At the awards ceremony on 15 October 2010, Tipperary won six All Star awards, Brendan Cummins, Paul Curran, Brendan Maher, Noel McGrath, Lar Corbett and Eoin Kelly won awards, while Kilkenny won five awards, Jackie Tyrrell, Tommy Walsh, JJ Delaney, Michael Fennelly and Richie Power. Lar Corbett was named All Stars Hurler of the year while Brendan Maher collected the All Stars Young hurler of the year award.

Tipperary's Lar Corbett and Brendan Maher were shortlisted, alongside Kilkenny's Michael Fennelly and Tommy Walsh, for the GPA Hurler of the Year award for 2010. On 5 November, Corbett was named as the GPA Hurler of the year for 2010, and will receive a new Opel Astra car worth €25,000.
 Corbett and Maher were joined in the nominations for the GPA team of the year by ten of their Tipperary teammates, Kilkenny had ten nominations in total. Tipperary won seven places on the GPA team of the year, all of their All Star award winners in addition to Pádraic Maher who was named at left-half back, replacing Kilkenny's JJ Delaney in the only difference to the 2010 All Star team.

==Aftermath==
On 11 September 2010, six days after the Senior final, the Tipperary Under-21 Hurling team completed the double by winning the All-Ireland Under-21 Hurling Championship against Galway by 5–22 to 0–12 at Semple Stadium to claim their ninth title. Five members of the victorious senior starting team started for Tipperary in the Under-21 final, Pádraic Maher, Michael Cahill, Brendan Maher, Noel McGrath, and Patrick Maher. Senior substitutes Séamus Hennessy, Brian O'Meara and Michael Heffernan also started for the Under-21 team.
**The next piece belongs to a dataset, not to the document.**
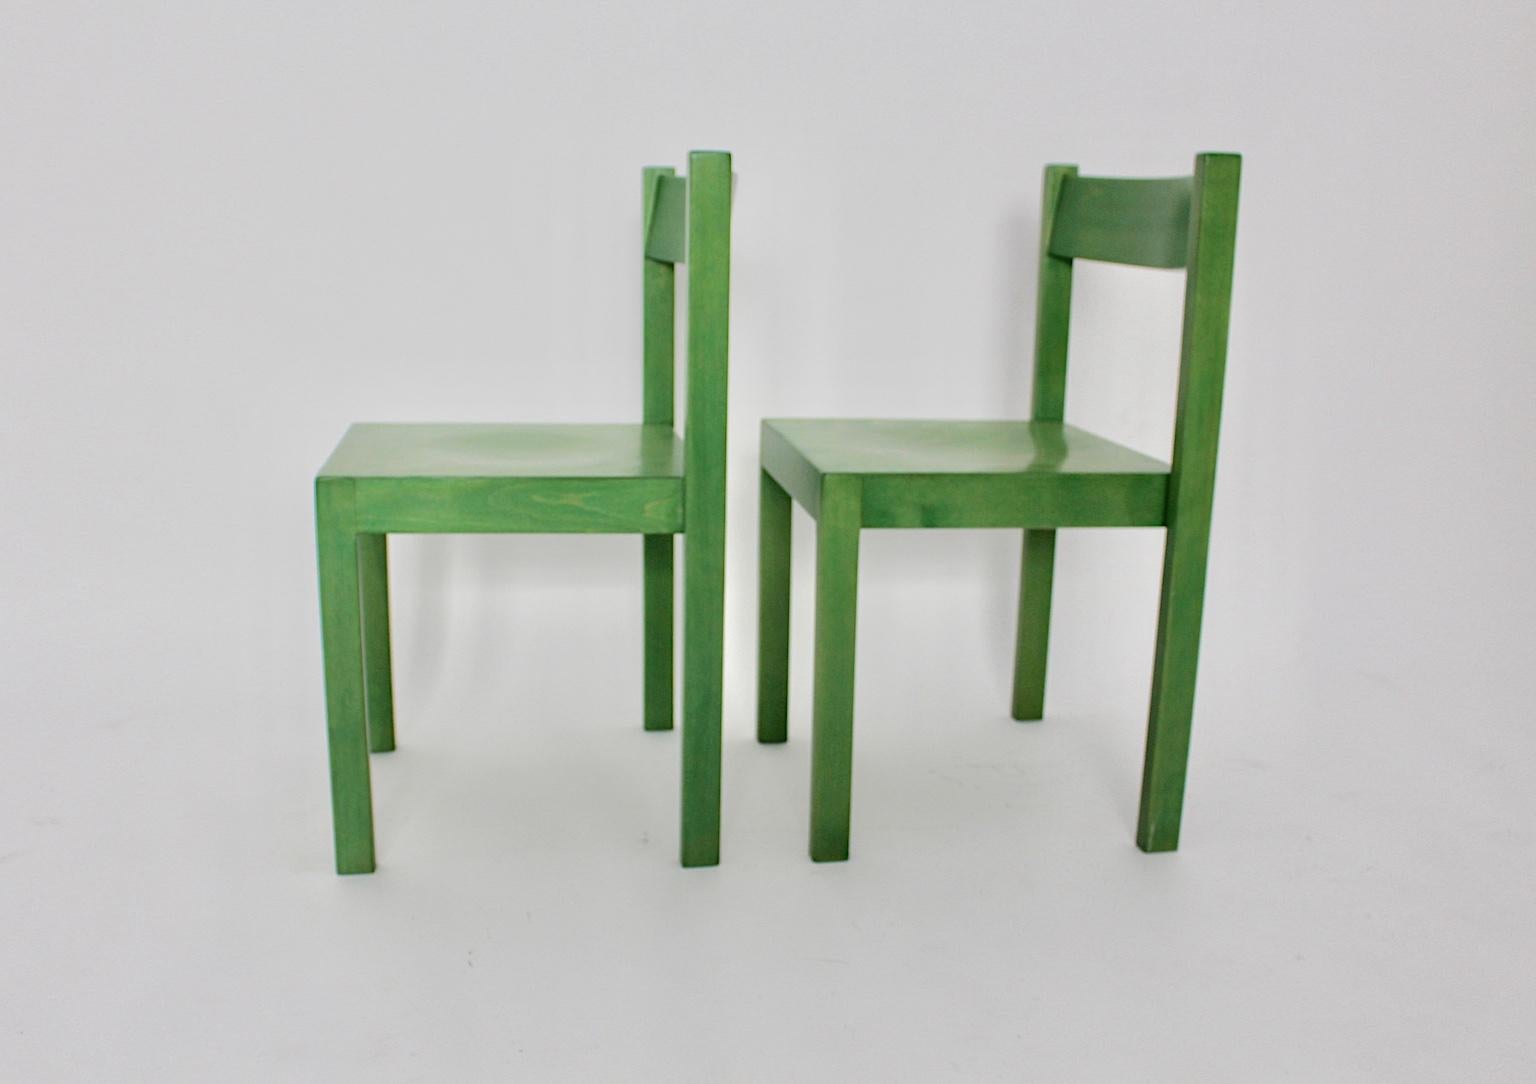 Cet ensemble de 2 chaises de salle à manger vintage vertes a été conçu par Carl Auböck 1956 Vienna et exécuté par E & A Pollak Vienna.
Les chaises de salle à manger ont été fabriquées en bois de hêtre massif et en contreplaqué et ont été teintées en

On 7 October 2010 it was announced that Liam Sheedy would be stepping down from his position as the Tipperary manager. Sheedy and his selectors, who found themselves working up to 16 hours a day during their three-year term, cited work commitments as the reason for stepping down and Sheedy thanked the board for their "top class" support.
In December 2010, Sheedy was named the Philips Sports Manager of the Year for 2010 for managing Tipperary to their All Ireland win.
In November 2010, Tipperary half back Declan Fanning announced his retirement from inter-county hurling.
In December 2010, Kilkenny midfielder Derek Lyng also announced his retirement from inter-county hurling after nine years.